Обсуждение: BUG #16327: Too many files in pg_replslot folder

Поиск
Список
Период
Сортировка

BUG #16327: Too many files in pg_replslot folder

От
PG Bug reporting form
Дата:
The following bug has been logged on the website:

Bug reference:      16327
Logged by:          Dmitry Romanenko
Email address:      romdn@inbox.ru
PostgreSQL version: 12.2
Operating system:   Windows
Description:

Hello!
4.5 million rows are inserted from the temporary table. For each of the
three subscriptions, 712,000 xid-*-lsn-*-*.spill files of 3 GB are
generated. The following lines appear in the work log: ERROR: replication
slot is busy processing with PID. Replication stops working.
What to do?

PostgreSQL 12.2, compiled by Visual C++ build 1914, 64-bit
postgresql.auto.conf
max_connections = '30'
shared_buffers = '512MB'
effective_cache_size = '6GB'
maintenance_work_mem = '512MB'
checkpoint_completion_target = '0.9'
wal_buffers = '16MB'
default_statistics_target = '100'
work_mem = '21845kB'
min_wal_size = '2GB'
max_wal_size = '8GB'
max_worker_processes = '4'
max_parallel_workers_per_gather = '2'
max_parallel_workers = '4'
max_parallel_maintenance_workers = '2'
random_page_cost = '2'

P.S. Replication on PostgreSql 11.1 (with default settings) worked fine with
inserting 4.5 million rows. The xid - * - lsn - * - *. Snap files were
smaller and larger in size.

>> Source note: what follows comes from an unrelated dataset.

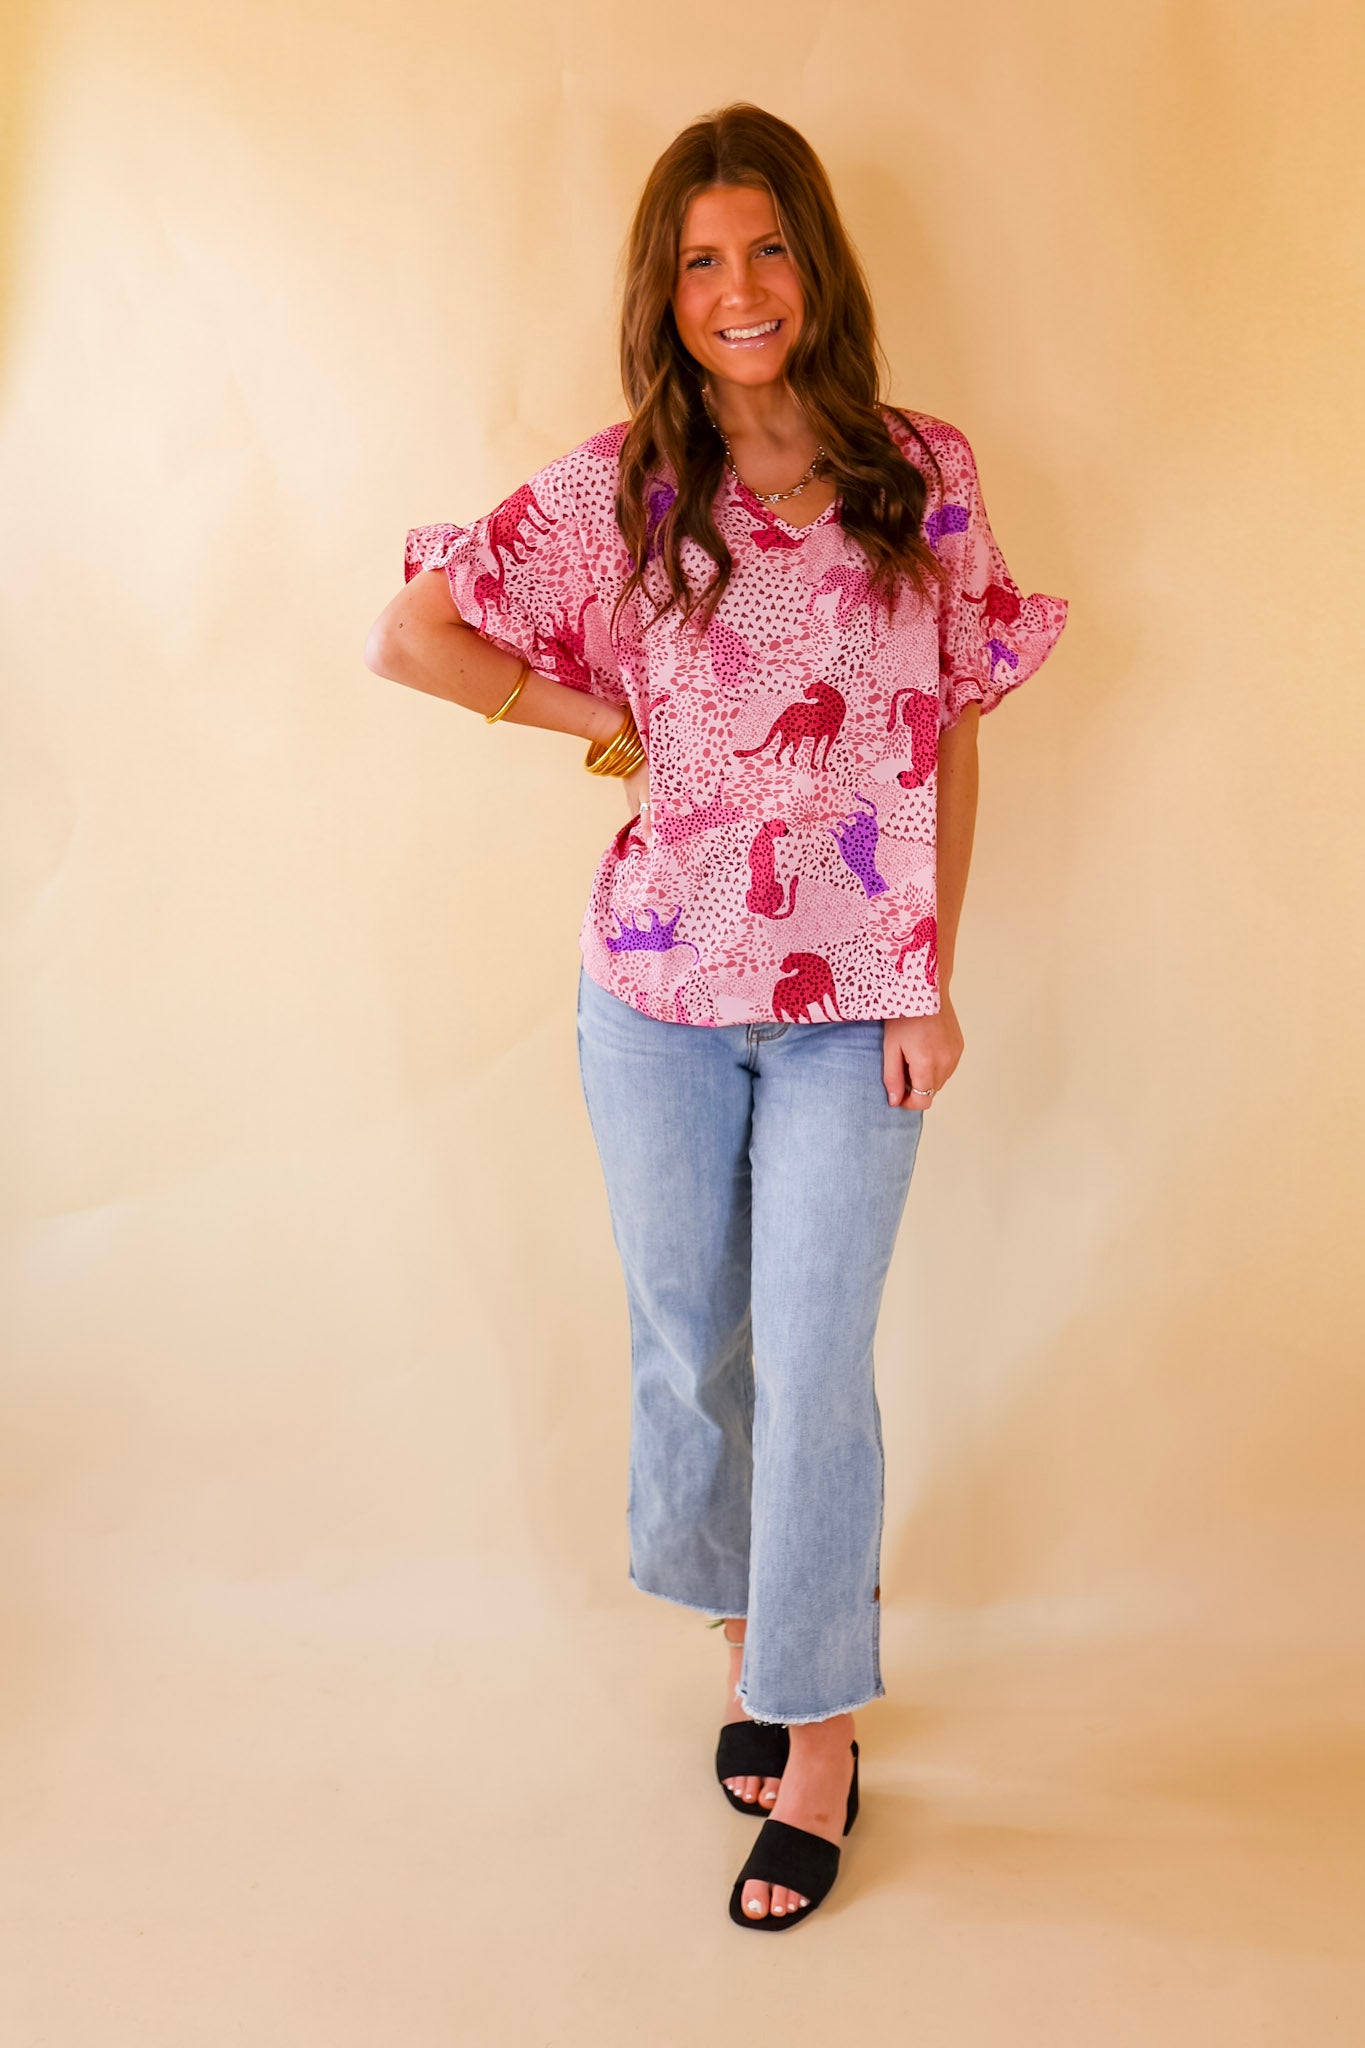 Best Version Cheetah Print V Neck Top with Ruffle Short Sleeves in Pink Mix - Giddy Up Glamour Boutique
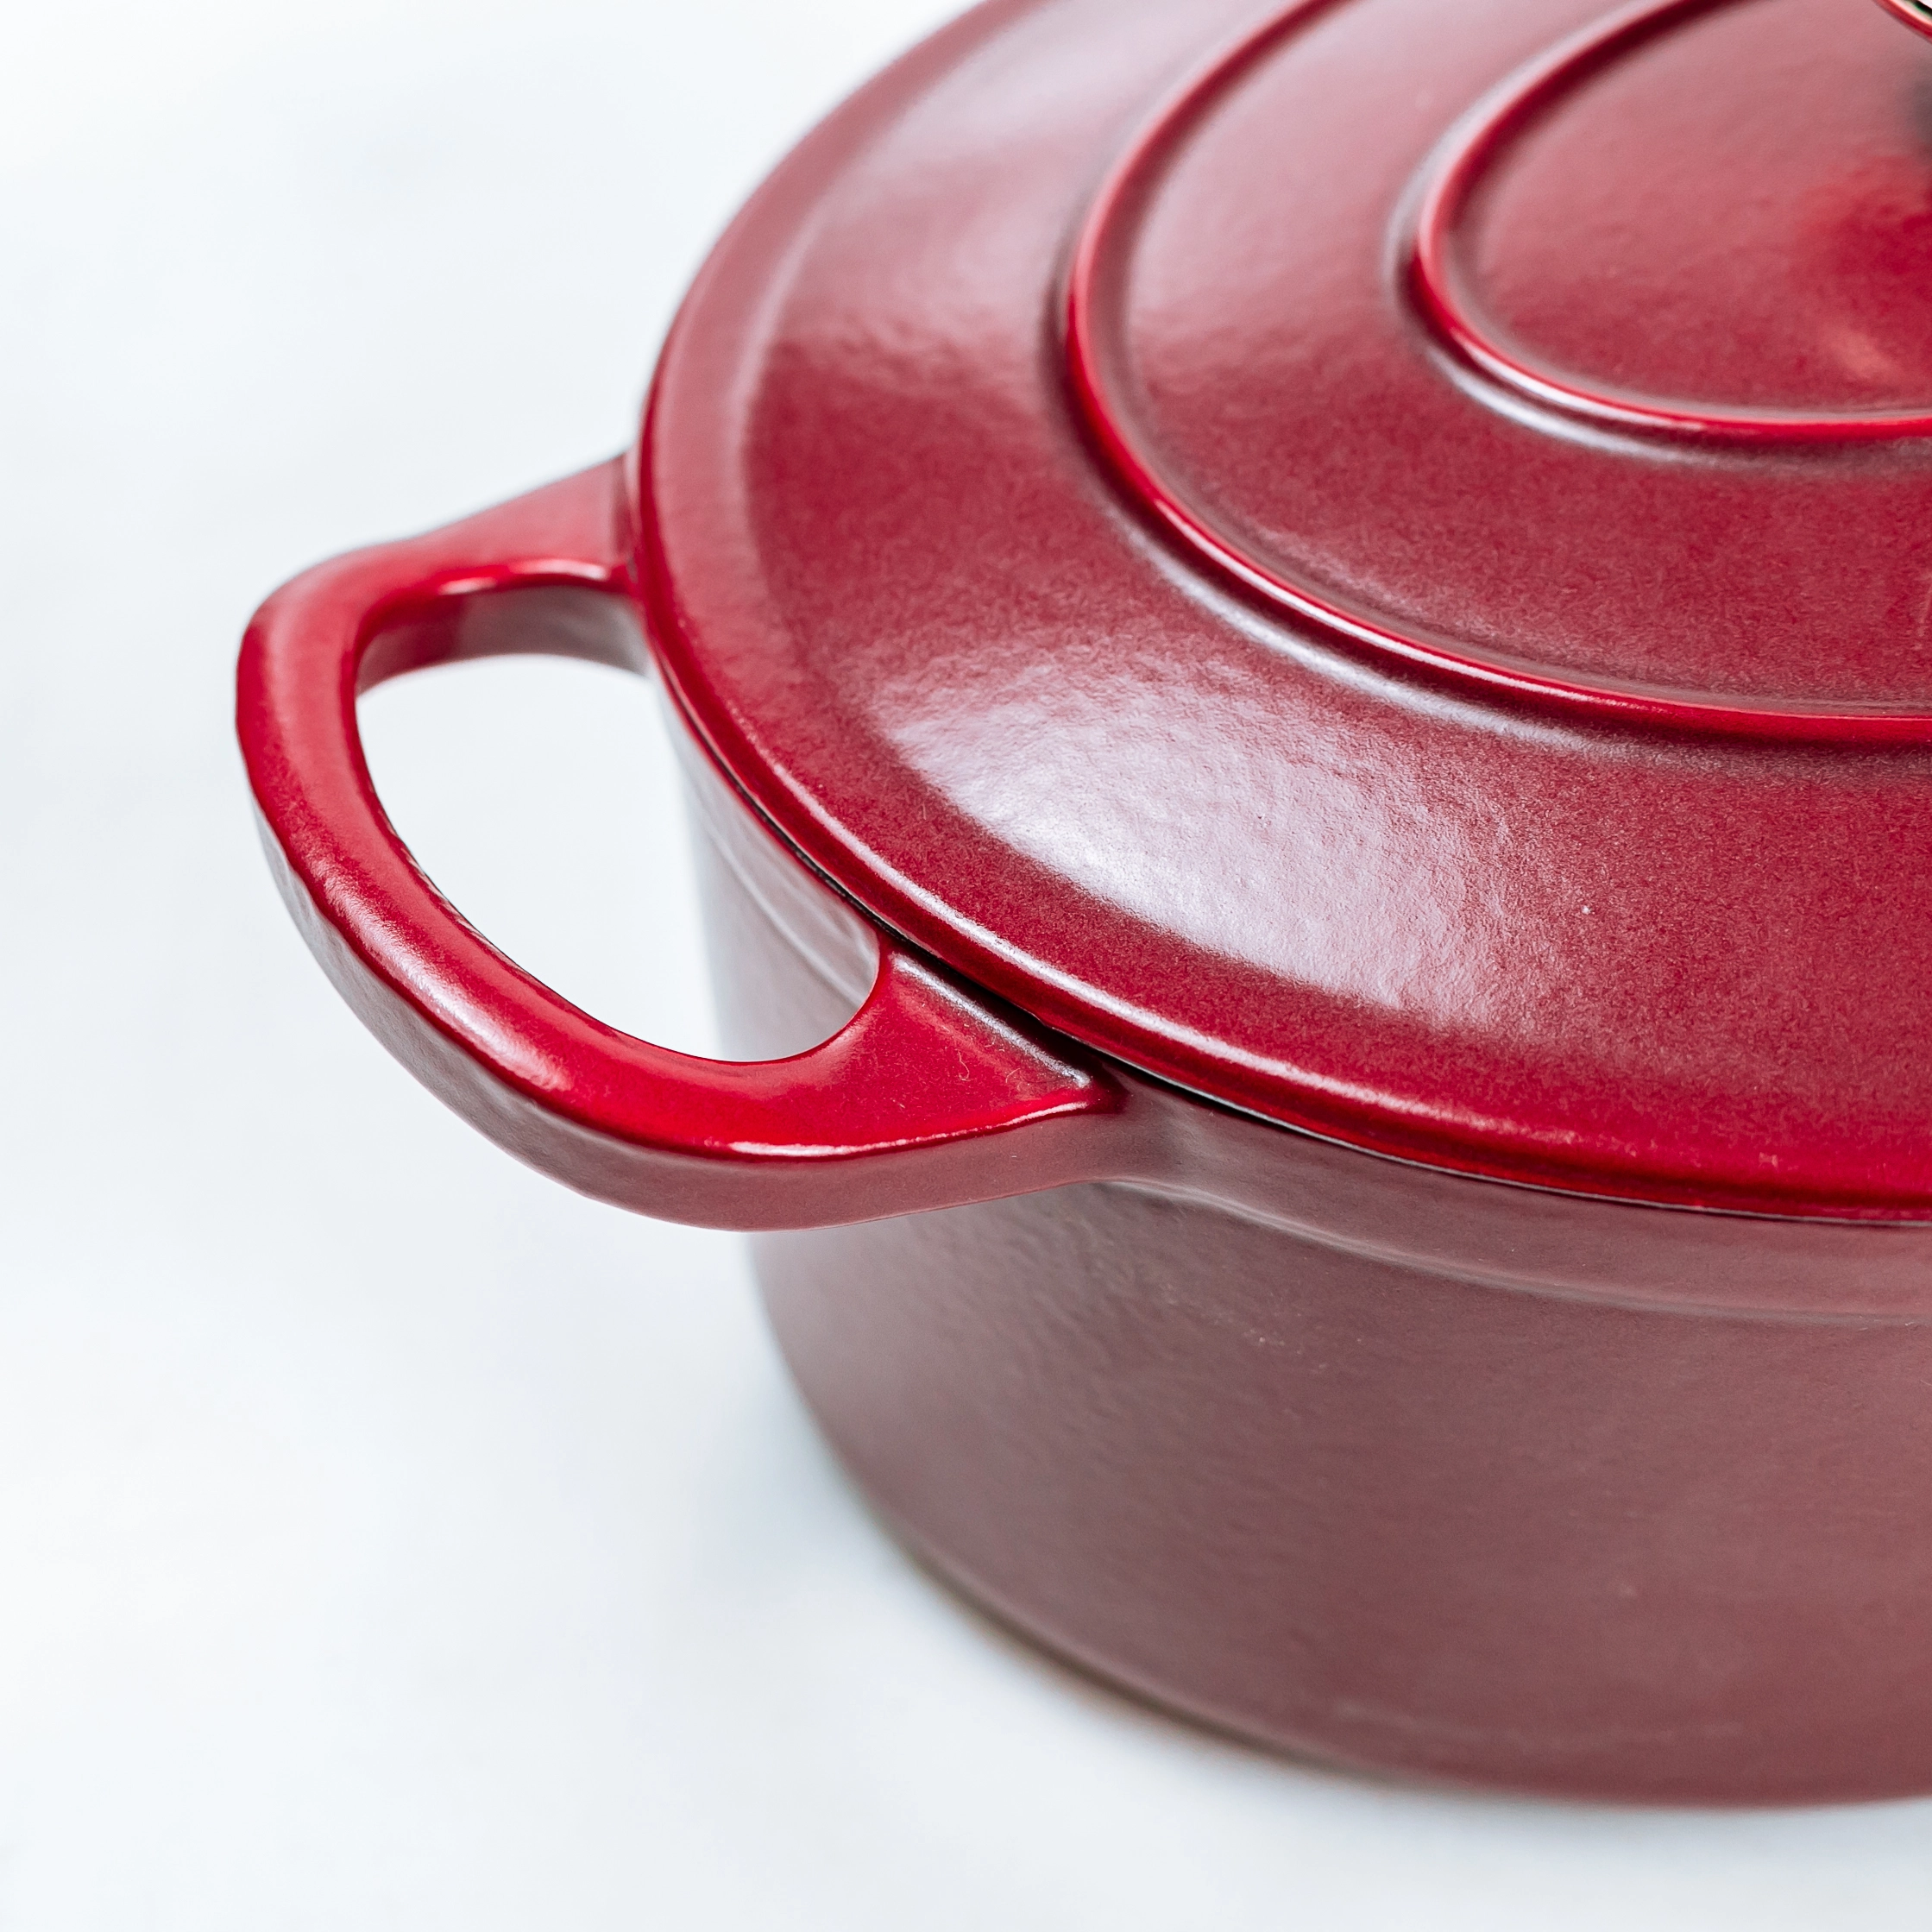 Red Enamel Oval 4.8Qt Cast Iron Dutch Oven for Cooking

But if there were several inserts in a row of
4.5 million lines, an error appeared: ERROR: out of memory.

Best regards, Dmitry


Re: BUG #16327: Too many files in pg_replslot folder

От
Euler Taveira
Дата:
On Sun, 29 Mar 2020 at 11:49, PG Bug reporting form <noreply@postgresql.org> wrote:

P.S. Replication on PostgreSql 11.1 (with default settings) worked fine with
inserting 4.5 million rows. The xid - * - lsn - * - *. Snap files were
smaller and larger in size. But if there were several inserts in a row of
4.5 million lines, an error appeared: ERROR: out of memory.

Could you provide a test case? Are you using subtransactions? logical_decoding_work_mem [1] was added in v13 to ameliorate some high memory usage while decoding transactions. It is weird that it does not 'out of memory' in v11 too (v11 introduced Generational memory allocator to reduce logical decoding memory usage); I expect a high memory usage in v10 in a big transaction scenario.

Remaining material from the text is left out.